Now we need to reshape these digits from \(28\times28\) numpy arraies to \(784\) numpy arraies. Similar to previous examples, we will also normalize the dataset.

from assests.codes.knn import encodeNorm

X_train = X_train.reshape((X_train.shape[0], X_train.shape[1]*X_train.shape[2]))
X_test = X_test.reshape((X_test.shape[0], X_test.shape[1]*X_test.shape[2]))

X_train_norm, parameters = encodeNorm(X_train)
X_test_norm, _ = encodeNorm(X_test, parameters=parameters)

2.4.2. Apply k-NN#

Like the previous two examples, we now try to apply the k-NN algorithm to classify these handwritten digits. This time our codes and sklearn are more different. The main issue is that our codes don’t have any optimizations and the runtime is super slow. MNIST is a bigger dataset comparing to the previous two, so it takes a long time to run our codes.

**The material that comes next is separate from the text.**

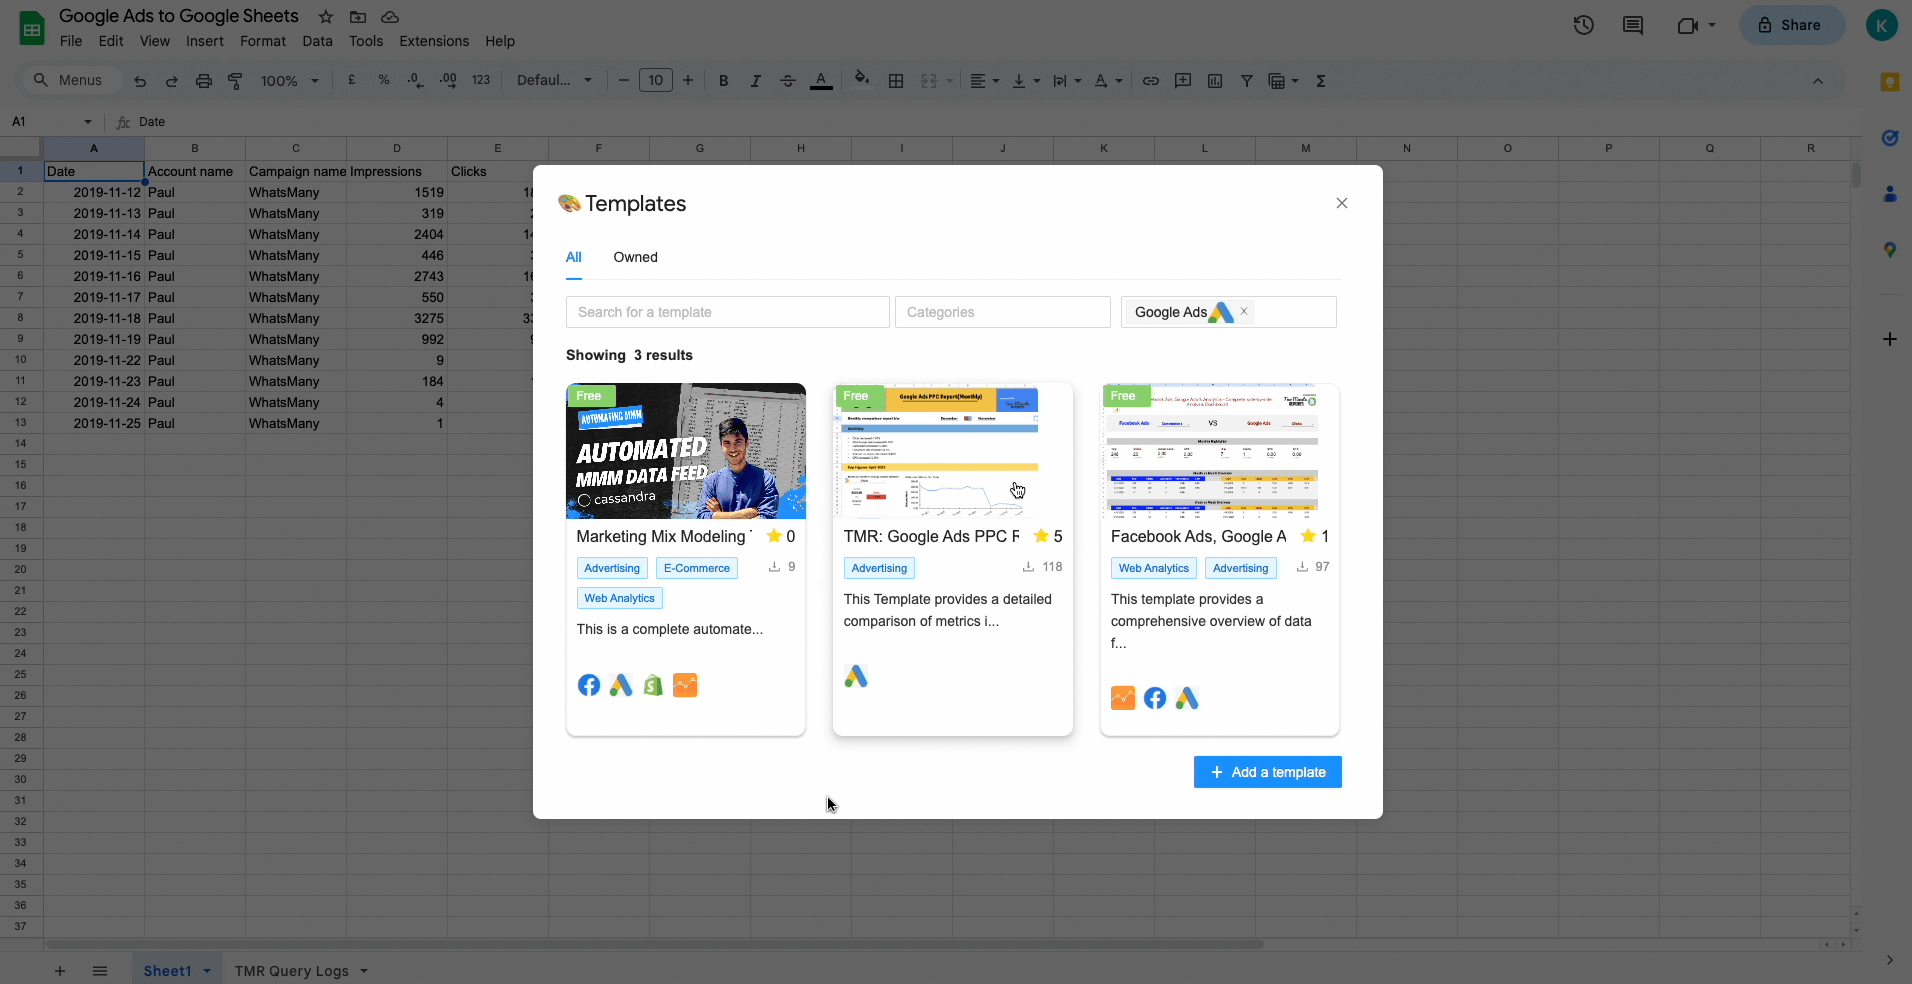 Google ads to google sheets use

Although we won’t improve our codes to make it faster at the current stage, we will modify it a little bit to make the wait feels better.

tqdm is package to show progress bar. Every time if you want to use a for loop to go through something X, you may wrap tqdm around X and this can show the progress of the loop and how much estimated time left.

To make the sample faster, we will only run the code over the first 10 examples.

from assests.codes.knn import classify_kNN
from tqdm import tqdm
import numpy as np

n_neighbors = 10
N_sample = 10
X_test_sample = X_test_norm[0:N_sample]
y_test_sample = y_test[0:N_sample]
y_pred = np.array([classify_kNN(row, X_train_norm, y_train, k=n_neighbors)
                   for row in tqdm(X_test_sample)])

acc = np.mean(y_pred == y_test_sample)
print(acc)
---------------------------------------------------------------------------
ModuleNotFoundError                       Traceback (most recent call last)
Input In [6], in <cell line: 2>()
      1 from assests.codes.knn import classify_kNN
----> 2 from tqdm import tqdm
      3 import numpy as np
      5 n_neighbors = 10

ModuleNotFoundError: No module named 'tqdm'

Now let us try to apply sklearn package. Note that we could run the code over the whole test set (which contains 10000 digits) and the speed is much faster comparing to our codes. To save time we won’t grid search k here. The code is the same anyway.

from sklearn.pipeline import Pipeline
from sklearn.preprocessing import MinMaxScaler
from sklearn.neighbors import KNeighborsClassifier
from sklearn.metrics import accuracy_score

steps = [('scaler', MinMaxScaler()),
         ('knn', KNeighborsClassifier(n_neighbors, weights="uniform",
                                      metric="euclidean", algorithm='brute'))]
pipe = Pipeline(steps=steps)
pipe.fit(X_train, y_train)
y_pipe = pipe.predict(X_test)
print(accuracy_score(y_pipe, y_test))
0.9664